Moving this to Parenting Issues.


----------



## Momtwice (Nov 21, 2001)

I am sorry for your loss.









I fear that if she is as smart as most observant 4 year olds, it is likely she will notice the switch and feel betrayed (either then or when she accidentally discovers what happened later.) She might not fully understand, but will know that something is not right.

Any library or book store will have a good book about pet loss for children.
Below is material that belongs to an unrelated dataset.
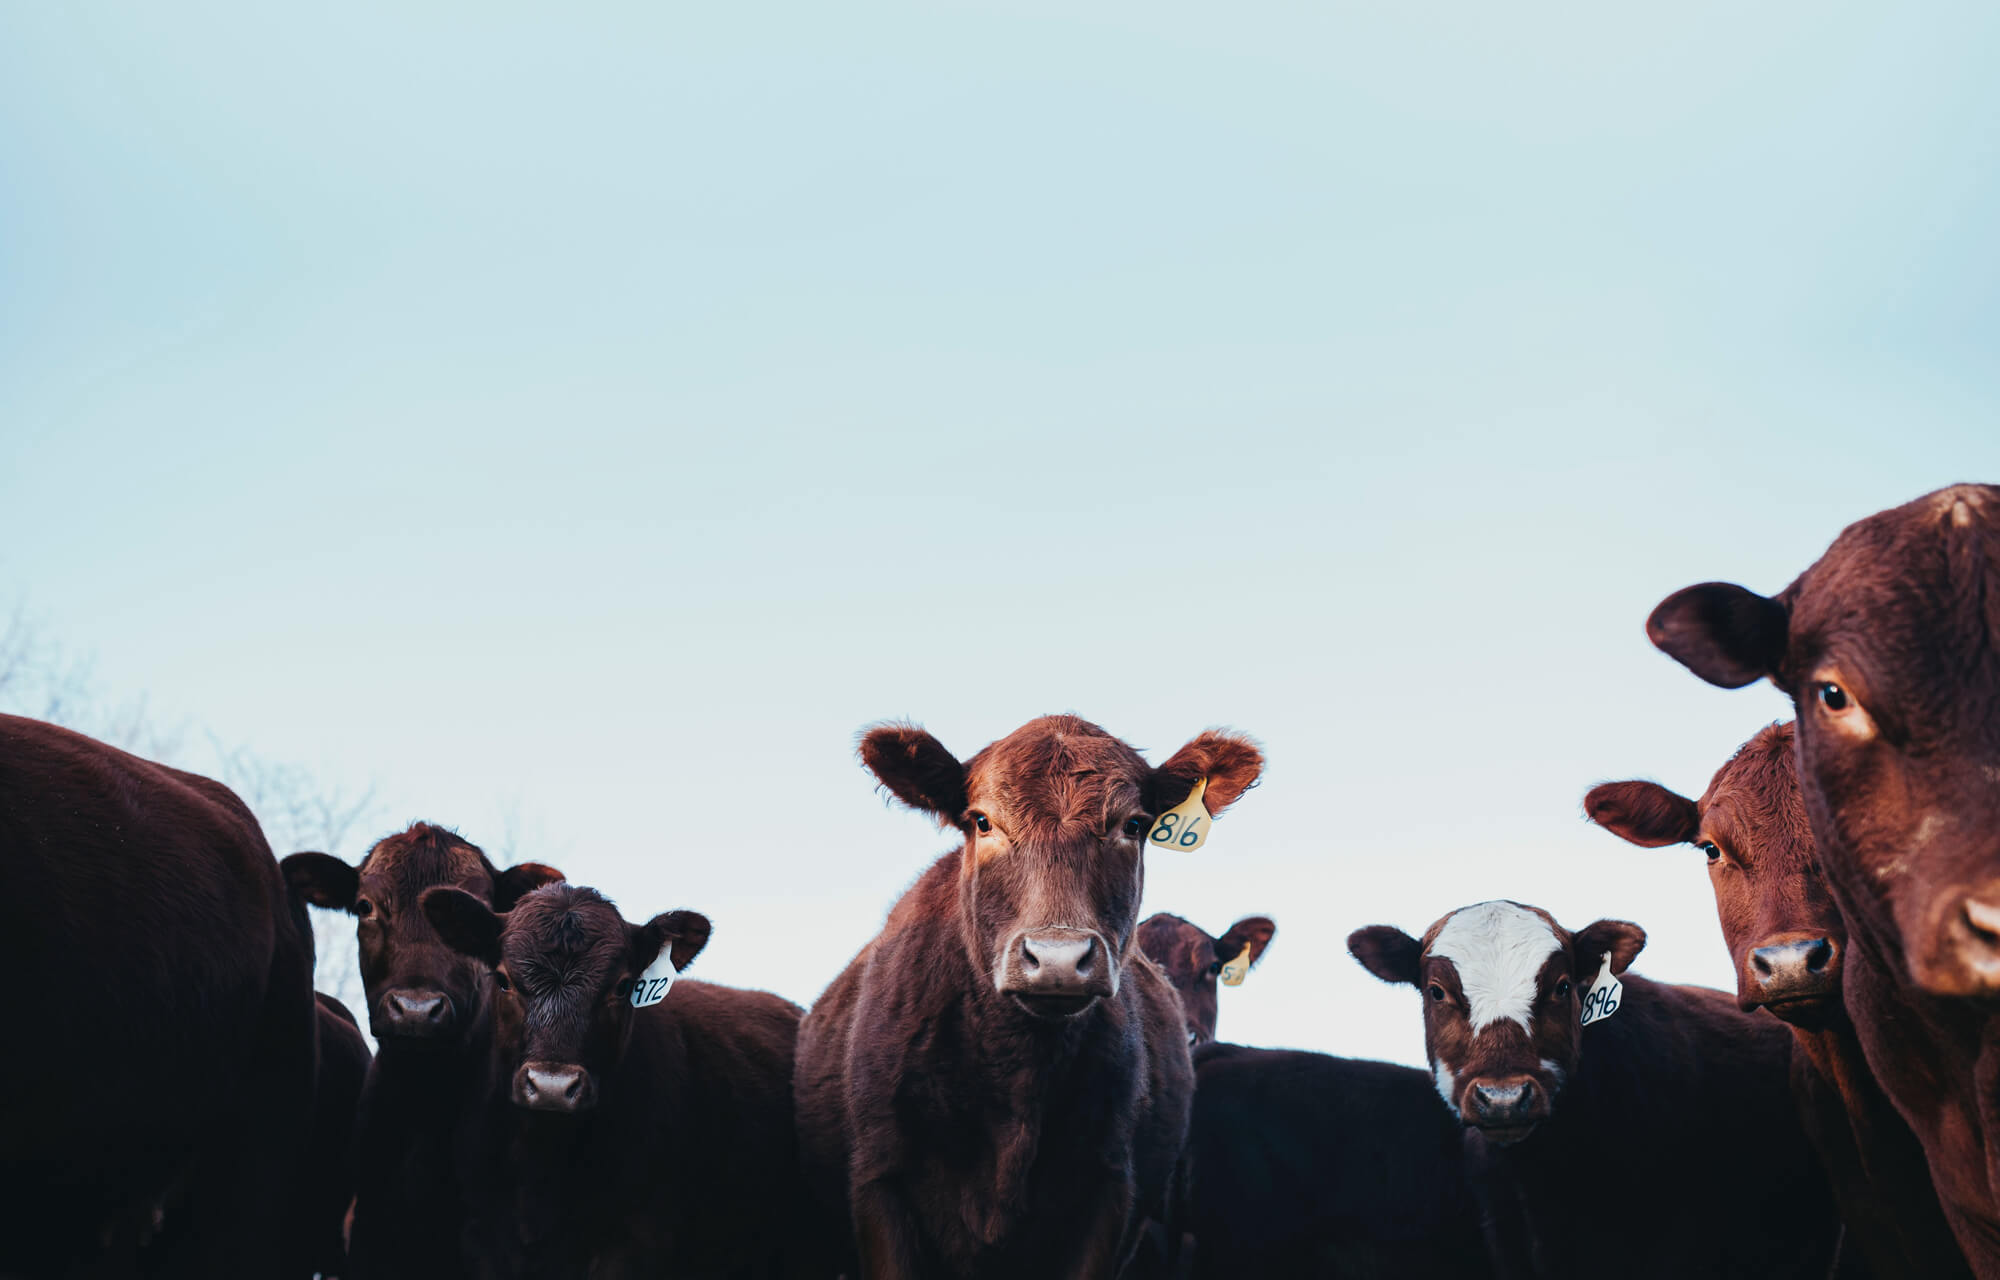 cows staring down at camera

Or maybe you could google that phrase, there are probably tips on the internet somewhere.

It's sad having to tell a child their fish is gone, I know.


----------



## candiland (Jan 27, 2002)

Thanks, everyone.
Yes, I am thinking that if she finds out (ie, overhears me talking to her dad about it), she would feel betrayed that I blatantly lied to her. She is very observant and she can sense when something isn't jiving, ya know?
Maybe I can tell her on the way home from school and we can have a little funeral for the fish. Then I'll let her decide if she wants another one.
About the care of Betas... I had him in a very large, clean glass vase. I didn't have silk or real flowers.... just gravel and a dragon statue. I treated the water with special drops before I put him in to make sure the tap water was suitable. And I made sure the water wasn't really cold when I switched him to the container. I also got him the pellet food...... but even when we got him three days ago, he just didn't seem "right".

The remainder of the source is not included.